Adjust publish and load logic to avoid direct access to internal DataFrame state and rely on the Dependencies interface or full DataFrame view instead.
Remove pickle-based dependency caching and legacy backward-compatibility code tied to pickled dependency tables.

Documentation:

Update publishing-related documentation and tests to expect db.sqlite as the dependency file format instead of db.parquet where applicable.

Tests:

Adapt dependency and publish tests to populate and validate data through the SQLite-backed Dependencies implementation and cover the new .sqlite load/save behavior.
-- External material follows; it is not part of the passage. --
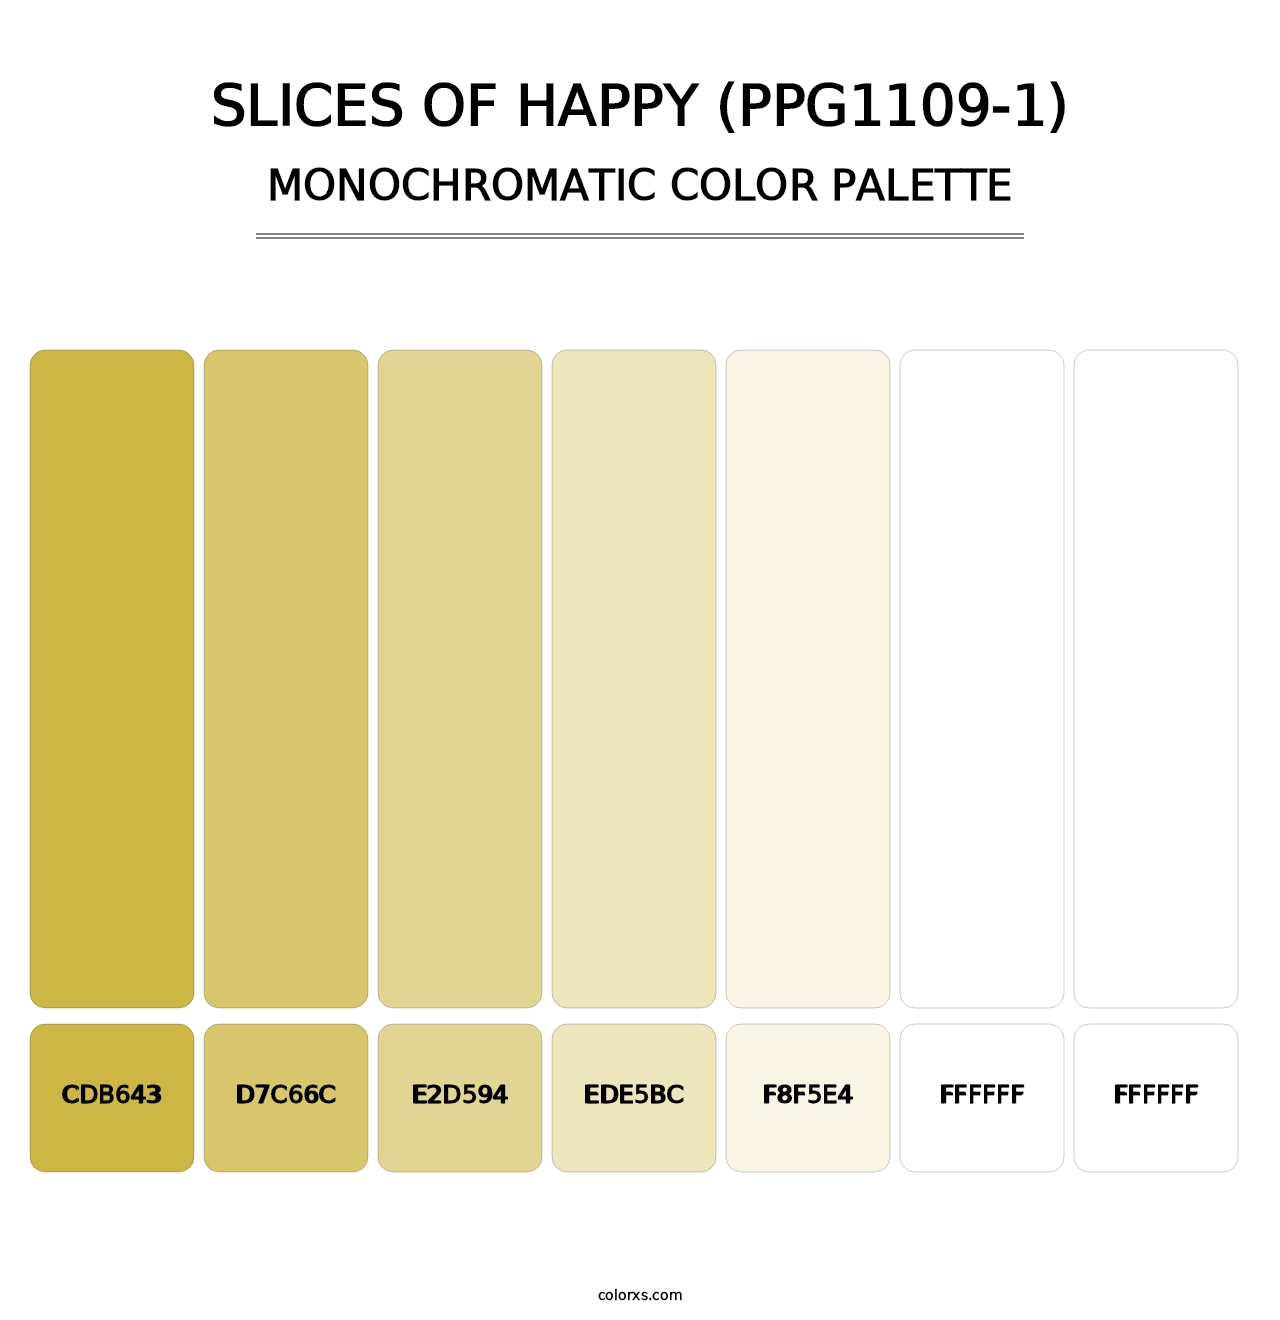 Slices Of Happy (PPG1109-1) - Monochromatic Color Palette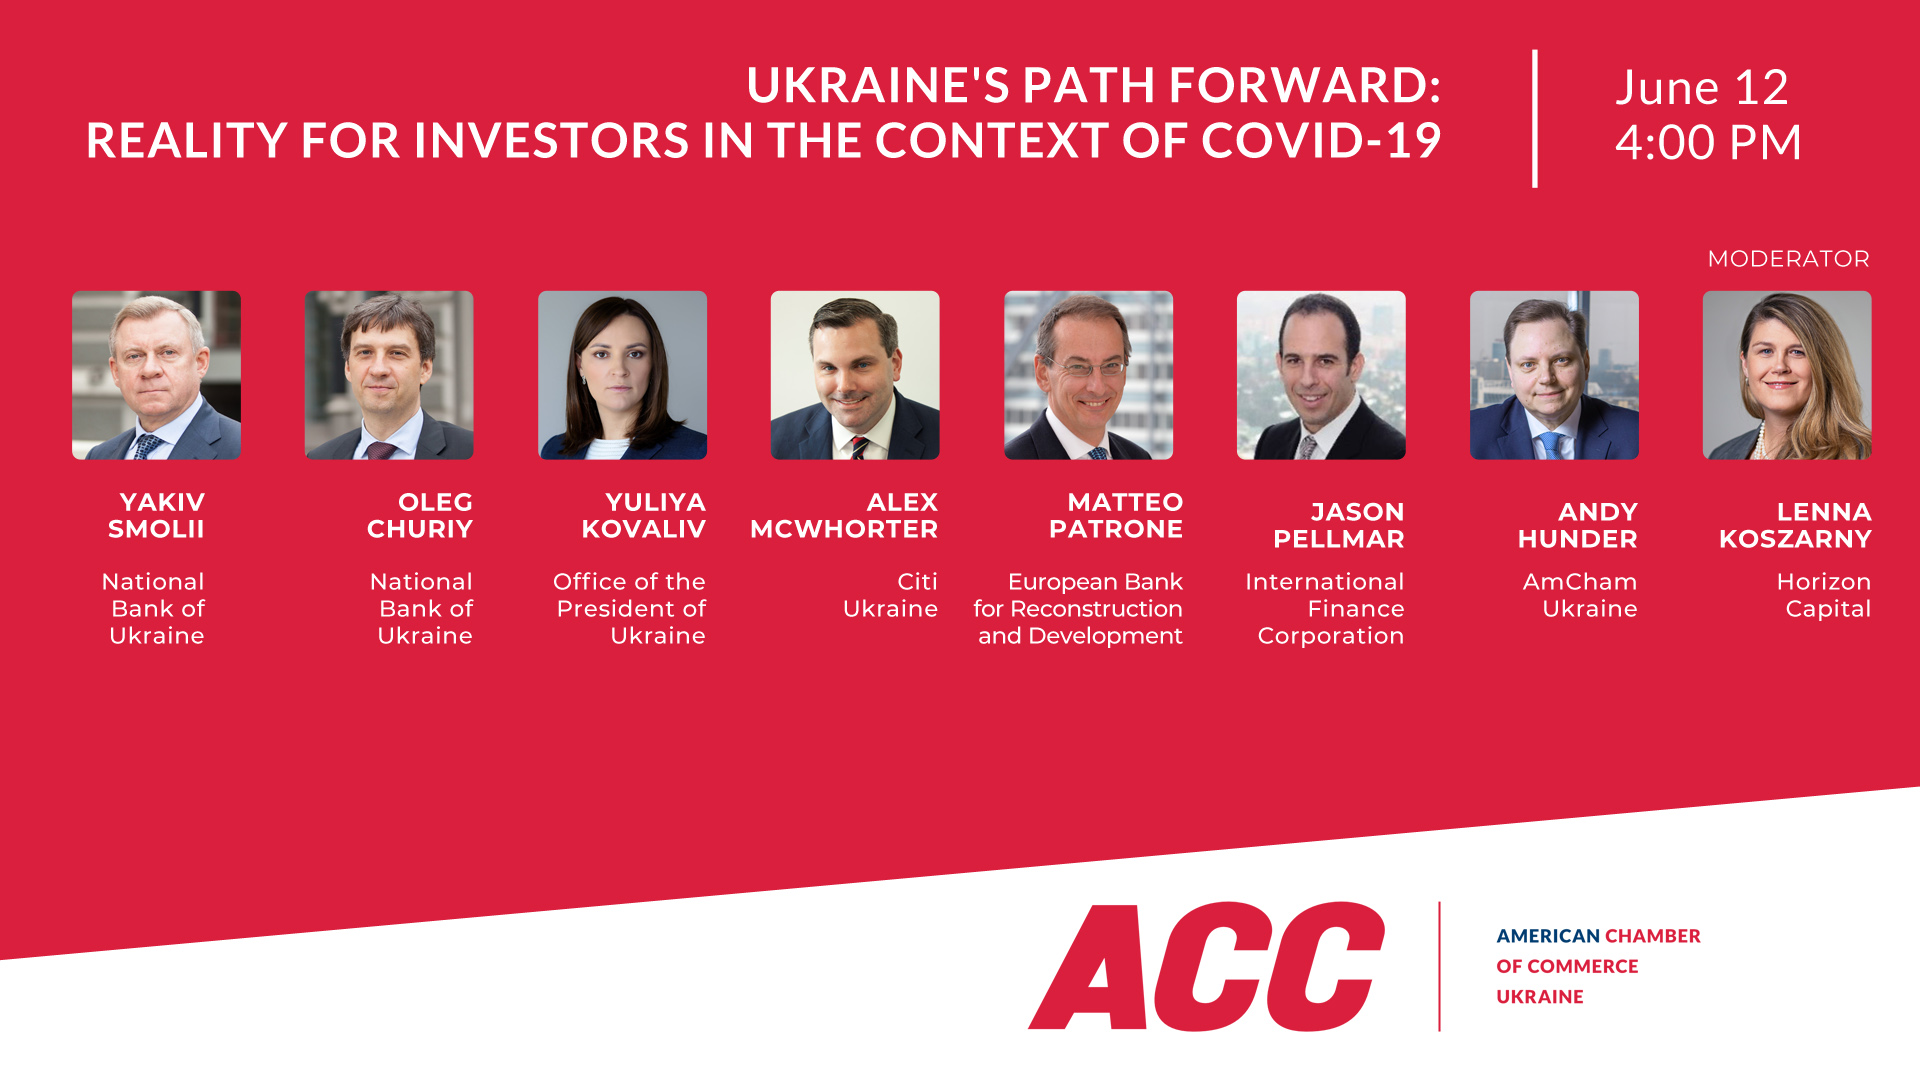 Online Panel Discussion “Ukraine's Path Forward: Reality for Investors in the Context of COVID-19”

sourcery-ai · 2025-12-30T14:50:23Z

Reviewer's Guide

Replaces the in-memory pandas DataFrame implementation of Dependencies with an in-memory SQLite database and changes persistence, caching, and backend formats to use a db.sqlite file while keeping a DataFrame interface for callers and updating tests and publish/load logic accordingly.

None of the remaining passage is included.